'Betaal ook eerstelijnsprofessionals uit de Wlz voor de zorg aan langdurig zieken'
Het Zorginstituut adviseert om bij langdurig zieken met een Wlz-indicatie die thuis verblijven de tandarts, huisarts en fysiotherapeut uit de Wlz te betalen en niet uit de Zvw (Zorgverzekeringswet) zoals nu het geval is. De integrale zorg moet naast huisartsenzorg dus ook alle paramedische zorg, hulpmiddelen, farmaceutische zorg en tandheelkundige zorg omvatten, schrijft het Zorginstituut. Dit om de betreffende kwetsbare groep, de beste zorg te geven. Het onderscheid tussen verblijf met behandeling en verblijf zonder behandeling zou hierdoor verdwijnen.
Consequenties voor cliënten
Voor ongeveer 69 duizend van de 287 duizend Wlz-cliënten zou het doorvoeren van dit advies gevolgen hebben, onder meer op financieel gebied.
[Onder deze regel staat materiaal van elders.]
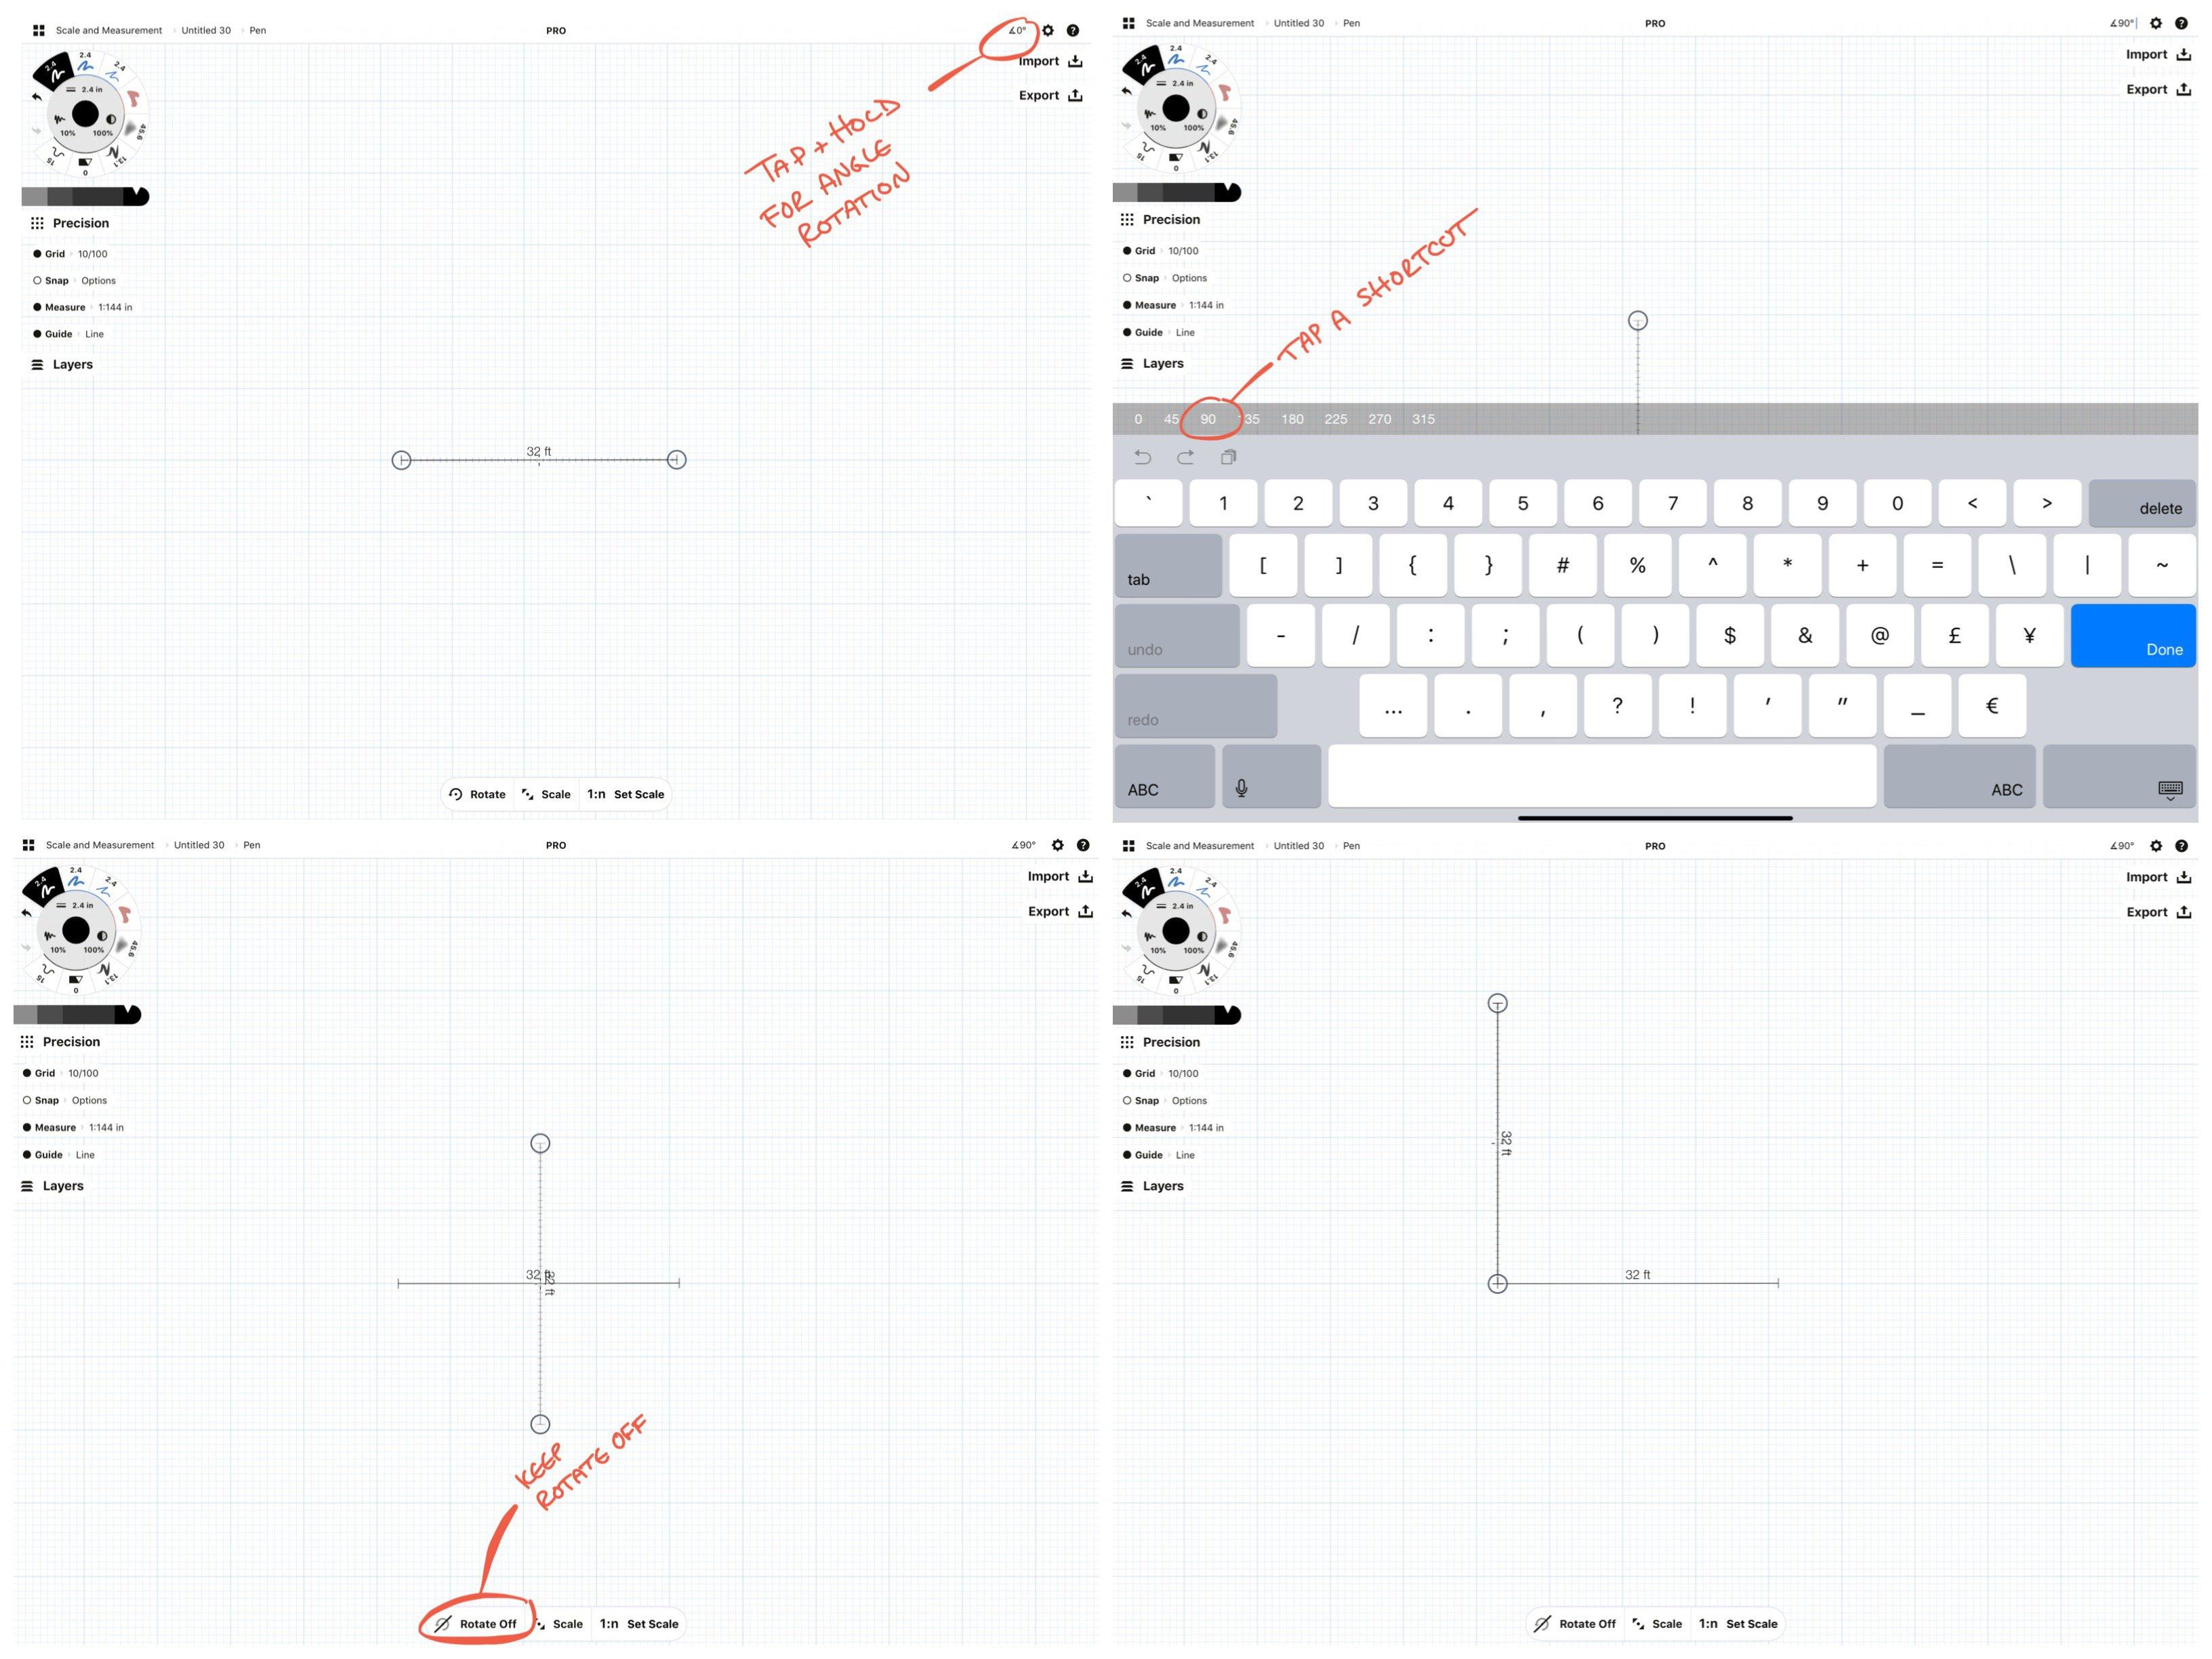 floorplan_new_angle.JPG

Het brengt een verschuiving van middelen met zich mee tussen de Zvw en de Wlz en wellicht ook tussen de Wmo en de Wlz. Die verschuivingen zijn volgens het Zorginstituut macro-budgettair neutraal.
Wel zijn in de Wlz farmaceutische zorg, paramedische zorg en tandheelkundige zorg ruimer gedefinieerd dan in de Zorgverzekeringswet (Zwv). Deze uitbreiding van de verzekerde zorg brengt kosten met zich mee. Ook het advies om voor alle cliënten de hulpmiddelen en paramedische zorg integraal onder de Wlz te hangen, brengt kosten met zich mee. In de Zvw komen deze kosten tot nu toe voor eigen rekening. "Het is een politiek besluit hoe deze kosten moeten worden gedekt", schrijft het Zorginstituut. "Mogelijk is ook doelmatigheidswinst te behalen, omdat één zorgorganisatie verantwoordelijk wordt voor alle zorgverlening aan zijn Wlz-cliënten. Daardoor kan de benodigde zorg efficiënter worden uitgevoerd.
Op dit moment is het niet mogelijk de exacte financiële consequenties te berekenen, stelt het Zorginstituut. Daarvoor is inzicht nodig in de kostprijzen van de zorgzwaartepakketten en de hoogte van de verschuivingen tussen domeinen. De NZa onderzoekt op dit moment de kostprijzen van de zorgzwaartepakketten.